Right after the dialogue ended up as another failure, Park Chol-su, Pyongyang's top delegate, suddenly visited the pressroom in Kaesong without notice and told South Korean reporters that the working-level negotiation was "in danger of breakdown."

"If the fate of the Kaesong industrial zone is shattered in this way, military camps cannot help being restored (in Kaesong)," said Park, mentioning the possibly permanent blockage of cross- border land route in the western area.

With the Park's surprising visit, the Democratic People's Republic of Korea (DPRK) delegation handed out to South Korean reporters the draft copies of all proposals that it had made during the negotiation.

The DPRK sought to find a middle ground during the talks to make headway in the negotiation, but South Korea stuck to its guns without any concessions and created artificial impasse to the talks, said Park.

The top negotiator stressed that Pyongyang can operate the joint industrial park on its own without any support from Seoul.

In response, the spokesman's office of South Korea's Unification Ministry said in an emergency statement that the DPRK' s declaration of an actual breakdown of the talks was "deeply regrettable," cautioning that such declaration drove the fate of the Kaesong industrial zone to "stand at the serious crossroads."

The ministry warned that the South Korean government cannot help making "a grave resolution" unless the DPRK shows sincere attitude towards measures to prevent recurrence of its unilateral shutdown of the jointly operated industrial park in the DPRK's border town of Kaesong.

The eventual breakdown of the dialogue to revive the last- remaining symbol of inter-Korean rapprochement was feared to worsen the already-frozen relations. Seoul and Washington planned to hold their joint annual military drills next month, throwing far away the chance to mend ties between Seoul and Pyongyang.

The Kaesong industrial complex, where 123 South Korean companies run factories, has been suspended since the DPRK pulled out around 53,000 of its workers in early April in protest against the joint annual military exercises between South Korea and the United States.

From start to end of the talks, Seoul called on Pyongyang to take responsibility for the damages to South Korean companies caused by its unilateral shutdown of the joint industrial zone, and provide a clear assurance to prevent recurrence of such an incident.

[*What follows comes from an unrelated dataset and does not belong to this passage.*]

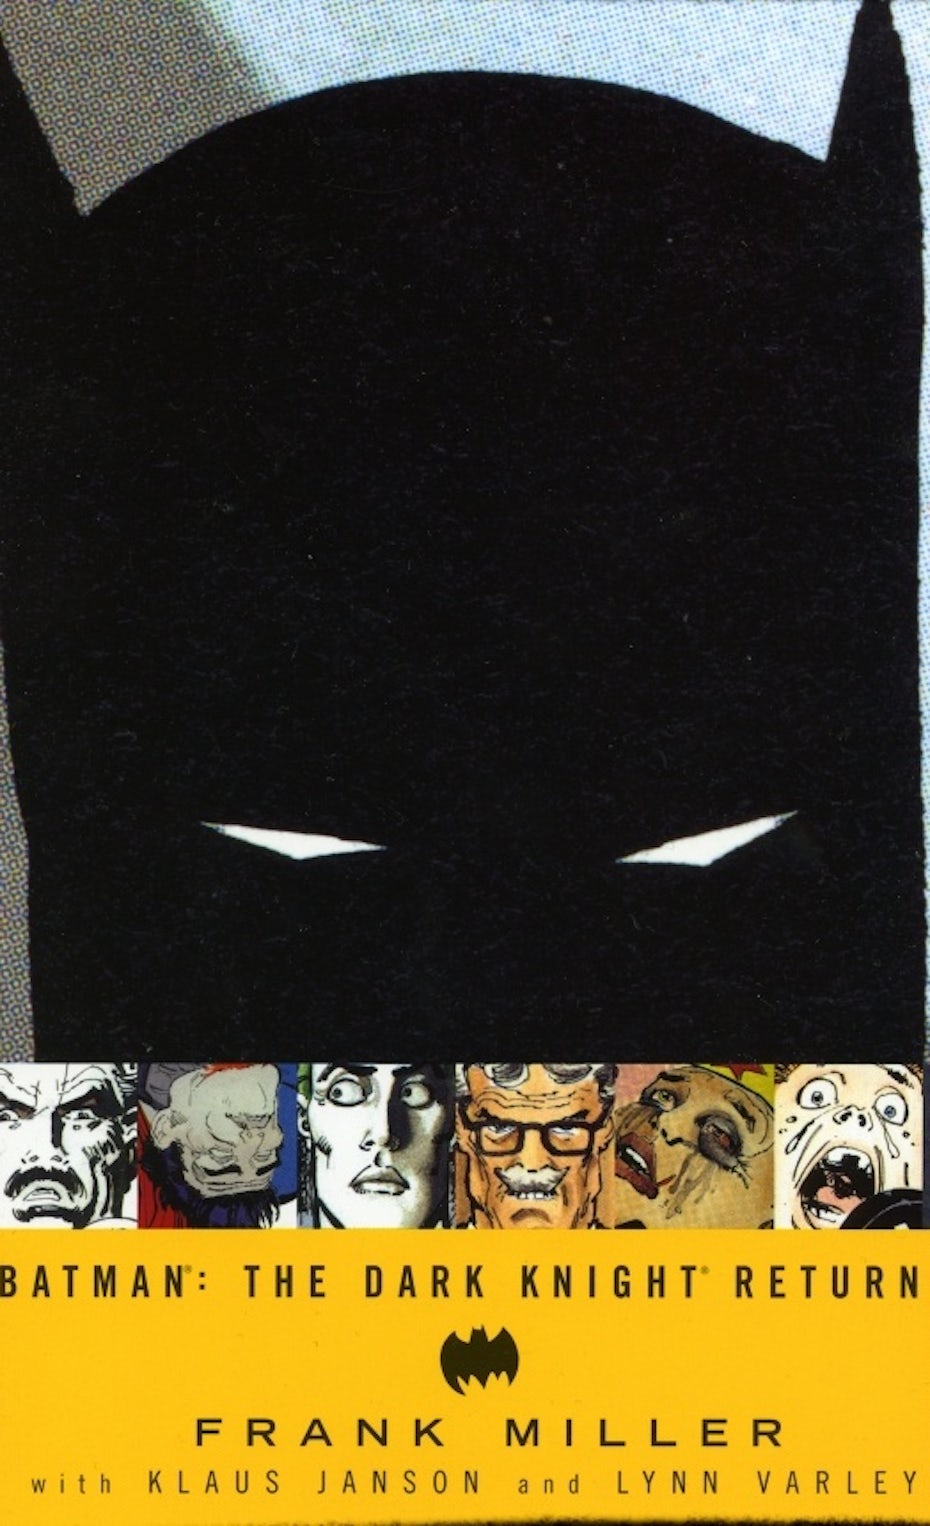 Batman: The Dark Knight Returns cover design
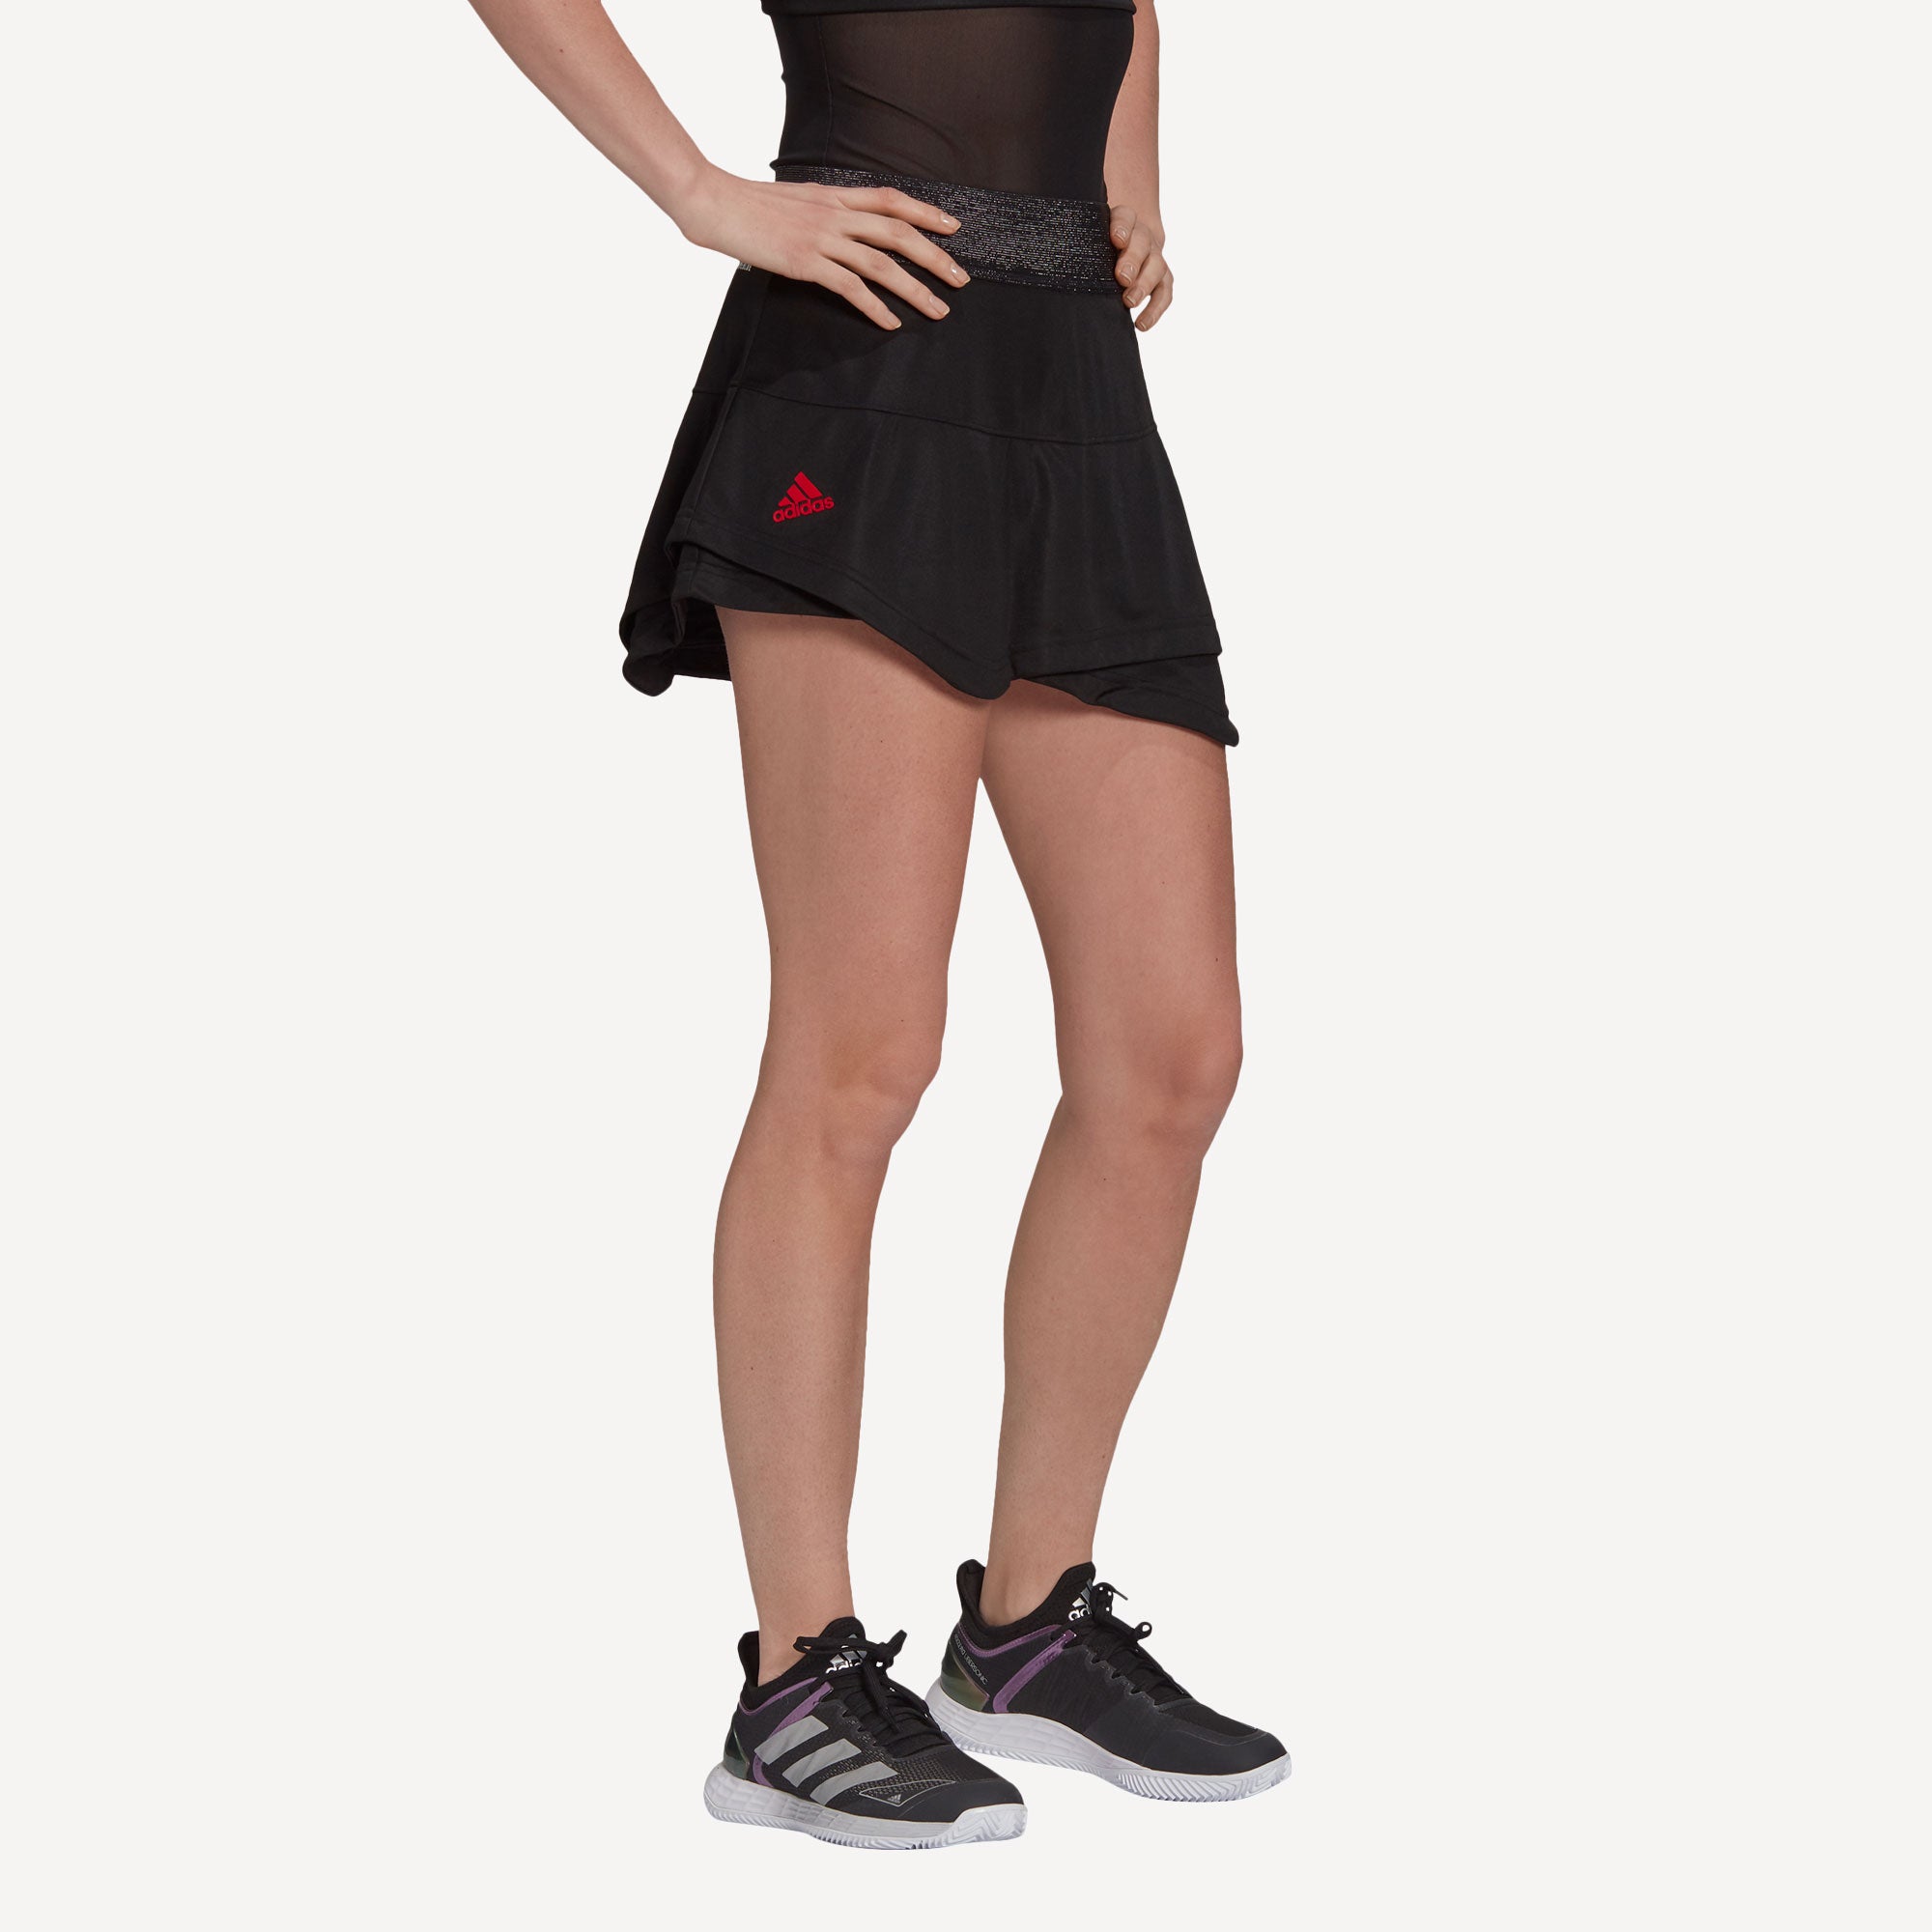 adidas Match Primeblue AeroReady Women's Tennis Skirt Black (1)

Pyongyang showed positive stance at the fifth round of talks towards developing the Kaesong industrial zone into an international factory park, but it has consistently refused to accept Seoul's proposal to offer guarantees on recurrence prevention.

On Monday, South Korean President Park Geun-hye linked the Kaesong talks to broader inter-Korean relations in the future, indicating her unwillingness to make concessions.

Park said at a meeting with senior presidential secretaries that the dialogue will serve as "an important basis for principles and frameworks for establishing new inter-Korean relations," noting that it would be in the DPRK's own interest to create stable conditions for investment by devising legal, institutional tools conforming to international standards.